Quick Reinit (Fresh Start)

• Environment:
  • ddev start
  • ddev composer install
• Install (clean DB only):
  • ddev drush site:install --existing-config --account-pass=admin
• Populate data:
  • Import issues: ddev drush ai-dashboard:import-all
  • Content sync (live→local):
    • On live: ddev drush aid-export
    • On local: ddev drush aid-import (or --source=local, --replace, --live-url=...)
• Dev hygiene:
  • Cache: ddev drush cr
  • Lint: ddev exec vendor/bin/phpcs --standard=Drupal,DrupalPractice web/modules/custom
  • Tests: ddev exec vendor/bin/phpunit -c web/core/phpunit.xml.dist

Review Workflow

• Read context files first: CLAUDE.md, CLAUDE-BRANCH.md, README.md.
• Inspect changes since last review: git status, git diff, and targeted diffs for web/modules/custom/ai_dashboard/... and config/sync/.
• Record findings in Codex_Branch.md under a “Concise Code Review” section.
• Only propose changes that materially improve correctness, safety, or maintainability.

Focus Areas (for Claude’s work)

• Drush commands: unique names, consistent PHP 8 Attributes, clear options/aliases.
• File handling: use Drupal File API (prepareDirectory, file_save_data) for public:// paths.
• Avoid calling Drush from Drush: prefer \Drush\Drush::process() or service APIs for config import/export.
• Entity references: set via associative arrays (['target_id' => $nid]).
• Dependency Injection: prefer injected services over \Drupal::service().
• Local DX: keep Twig debug/auto-reload in development.services.yml when appropriate.

Safety Rules

• Do not modify application code unless explicitly asked.
• Never commit secrets; prefer DDEV env files for local overrides.
• Use ddev drush for site ops; prefer config sync (cex/cim) over manual config edits.

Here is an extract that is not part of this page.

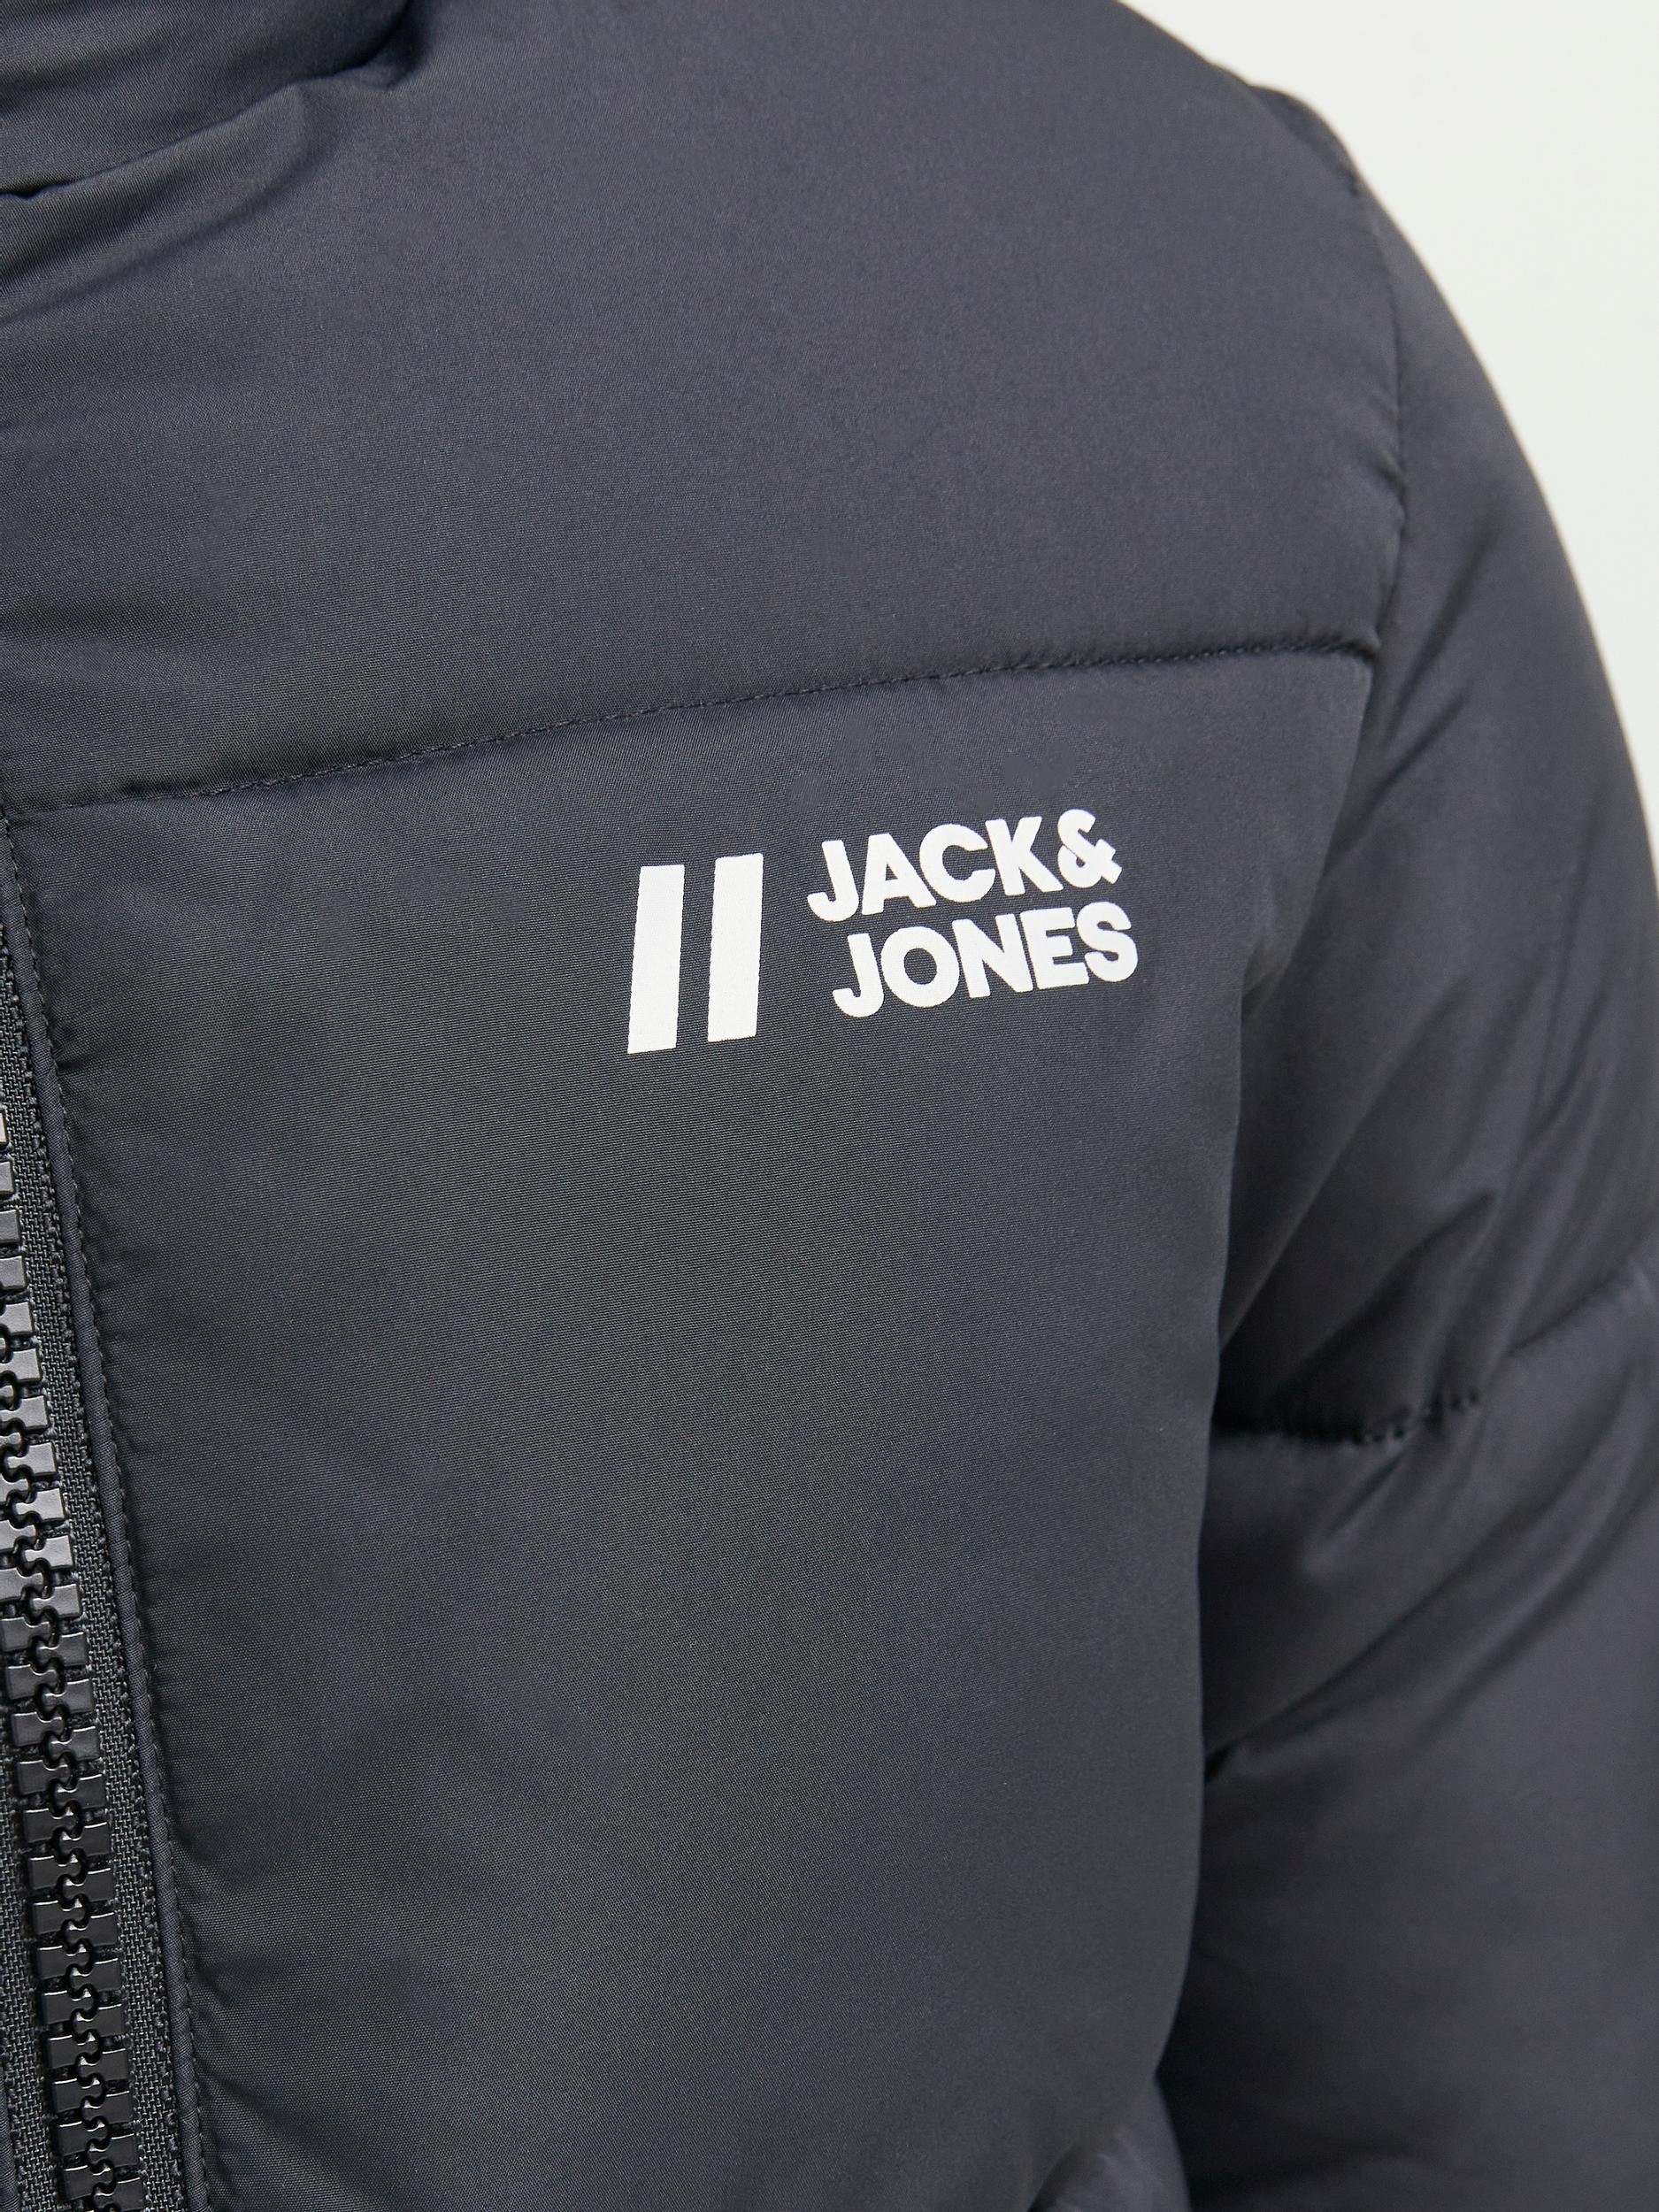 Jones Black Junior Jack & Steppjacke

Repository Quick Reference

• Structure: web root web/; custom code web/modules/custom/, web/themes/custom/; contrib under web/modules/contrib/, web/themes/contrib/; config in config/.
• Testing: PHPUnit with tests under each module at tests/src/{Unit,Kernel,Functional}; run via the core phpunit config.
• Coding style: Drupal/DrupalPractice standards; PSR‑4 under module src/; DI-friendly, small functions, avoid globals.

Hand-off Notes

• All Codex feedback lives in Codex_Branch.md for the active branch.
• If commands or behaviors appear to conflict (e.g., duplicate Drush command names), flag in Codex_Branch.md as “Must Fix” and wait for user approval before patching.

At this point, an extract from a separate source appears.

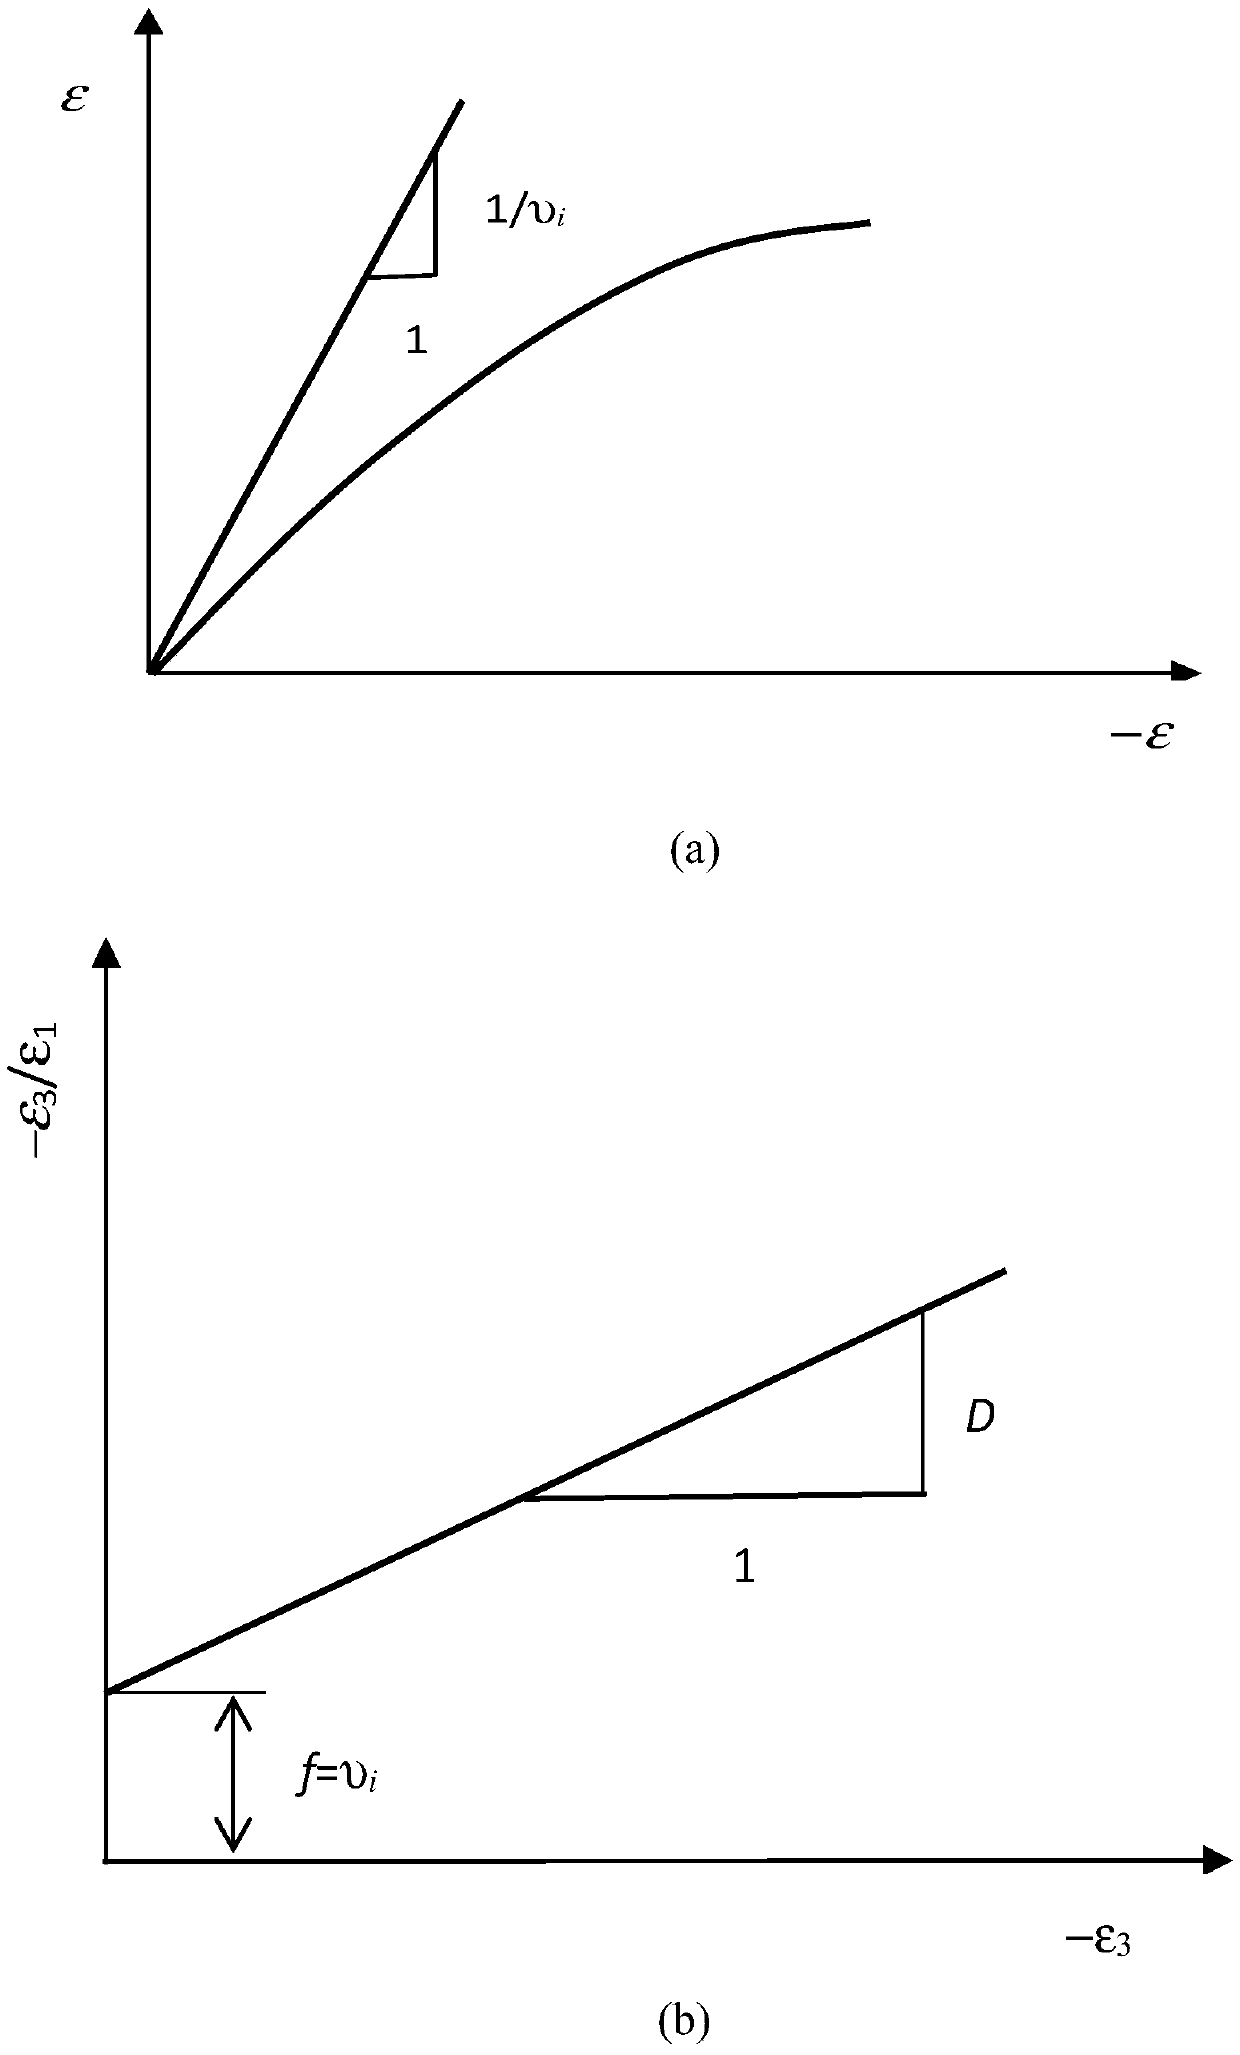 Method for solving parameters in Duncan-Chang hyperbolic model based on Excel

Drupal Code Analysis Prompts

Use these preset prompts to quickly audit Drupal codebases for quality, security, maintainability, and alignment with Drupal best practices. Tailor the file paths/module names as needed.

1. Repository Triage

• Prompt: “Scan this repo and list all custom modules, themes, services, plugins, Drush commands, routes, entities, schema files, and config schema files. For each, note file paths and primary responsibilities.”
• Goal: Build an index of moving parts before deep-diving.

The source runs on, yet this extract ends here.